Starting from 0, little knowledge of pytorch but some knowledge about key concepts thanks to deeplearning course of Andrew Ng.
Q1. Can you clarify how / when functions forward() of classes for GCNLayer and GCN model are called ?
Look at the python code dfining the classes for GCNLayer and GCN model.
A net is defined by passing the number or tensors ( corresponding to number of nodes ), size of hidden layer and final size of output, here 2 as a binary classifier.
example for a network of 34 nodes in Zachary demo:
net = GCN(34, 5, 2)
but then inputs to the model are fed like this:
logits = net(G, inputs)
Why not like by calling the forward functions, like this:
logits = net**.forward**(G, inputs) ?
Q2. ** Understanding how the model works **
By reading at the description of a GCN by Kipf and Welling, I understand a message-passing model computes, at each step (layer) a convolution of vectors associated to node’s neighbours into a “resulting” node’s property.

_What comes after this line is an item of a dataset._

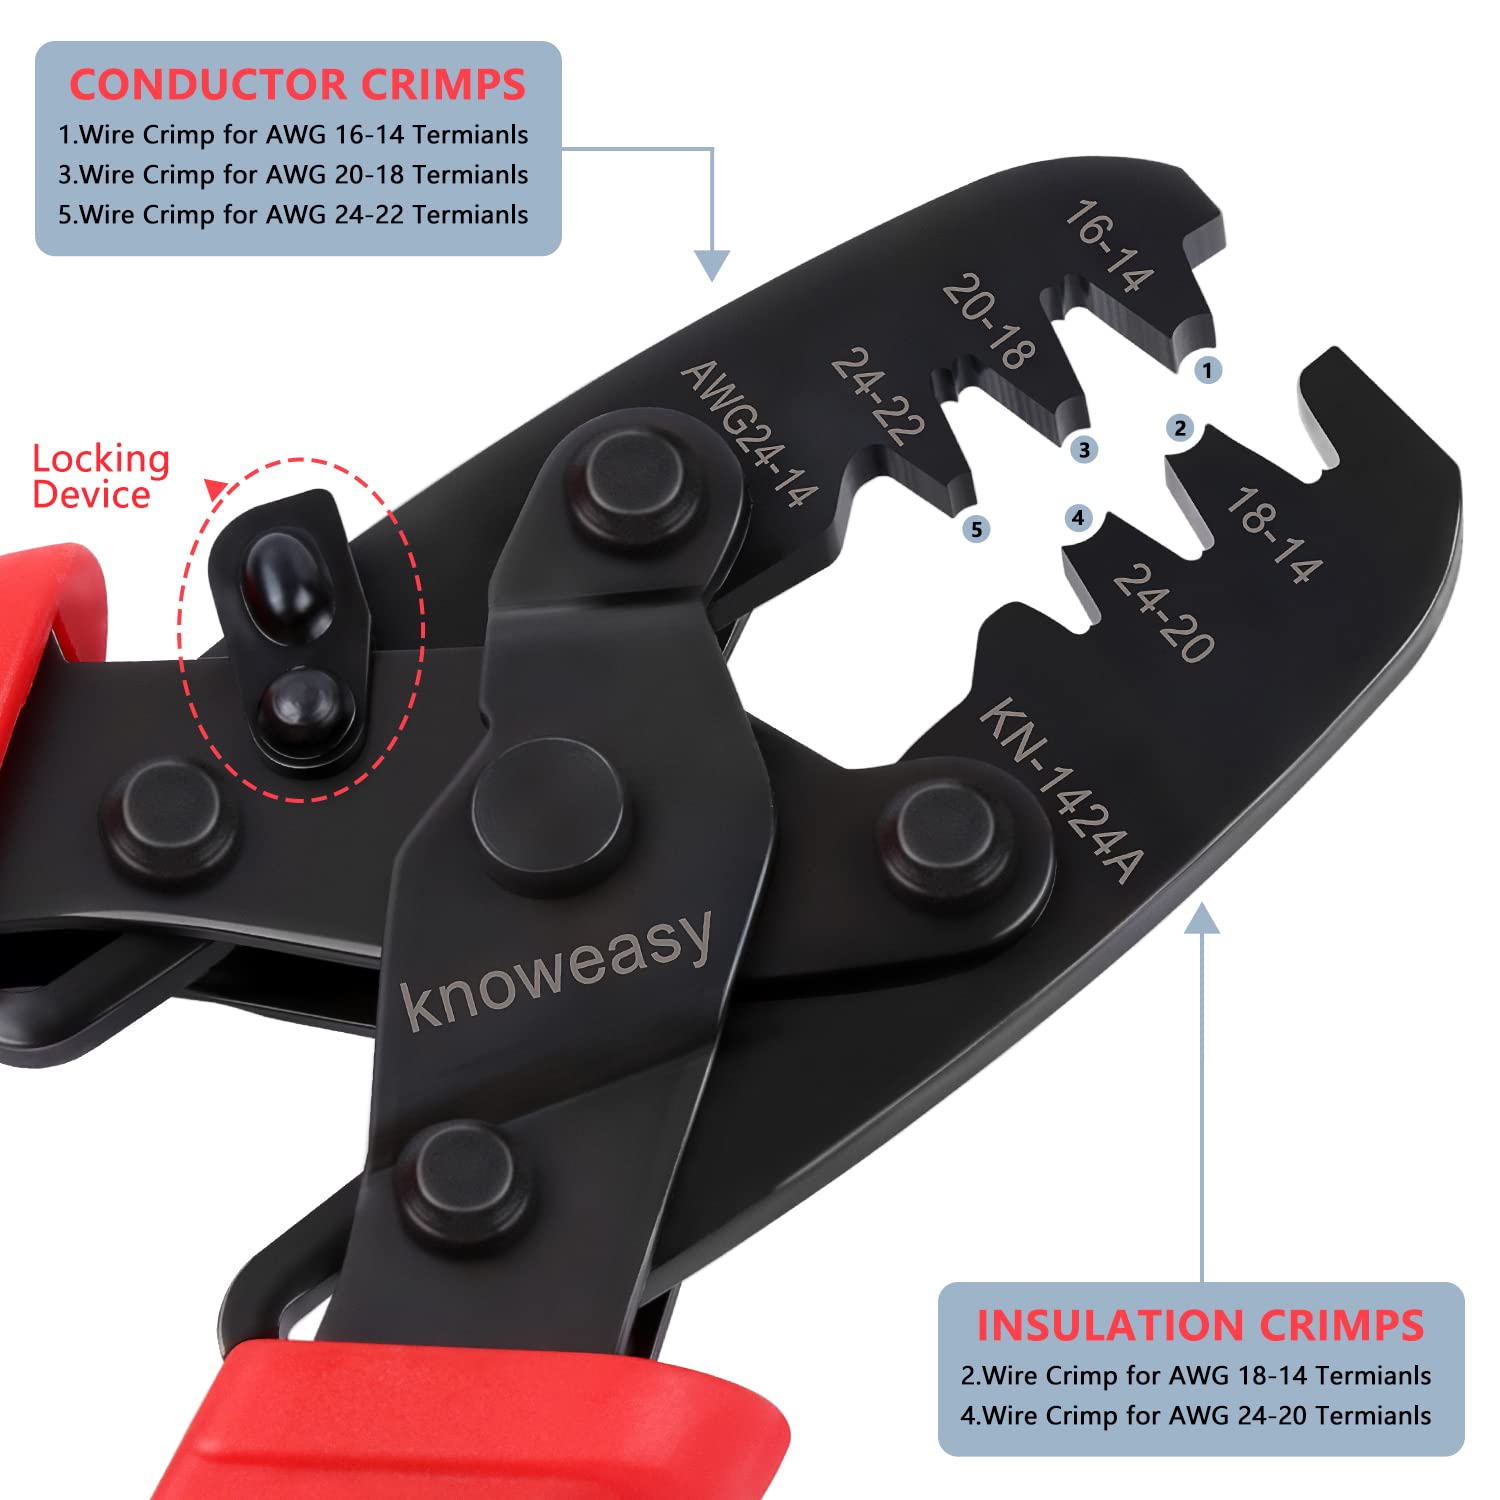 Knoweasy JST Crimper and Molex Crimper Compatible with Deutsch DT Series Stamped or Formed Contact,Molex, Delphi, Amp, Tyco, Harley, PC, Automotive - AWG 24-14 Wire Crimper

I am reading at pytorch documentation about the Functional model
and reading code here:
[...] logits = net(G, inputs) # we save the logits for visualization later all_logits.append(logits.detach()) logp = F.log_softmax(logits, 1) # we only compute loss for labeled nodes loss = F.nll_loss(logp[labeled_nodes], labels) optimizer.zero_grad() loss.backward() optimizer.step() [...]
I don’t understand how forward is computed in the gradient descent.
How the forward funciton are called?
Where the convolution are applied ?
(I suspect in the GCNLayer, but willing to understand better how it works, also in terms of how code structured respect to pytorch apis).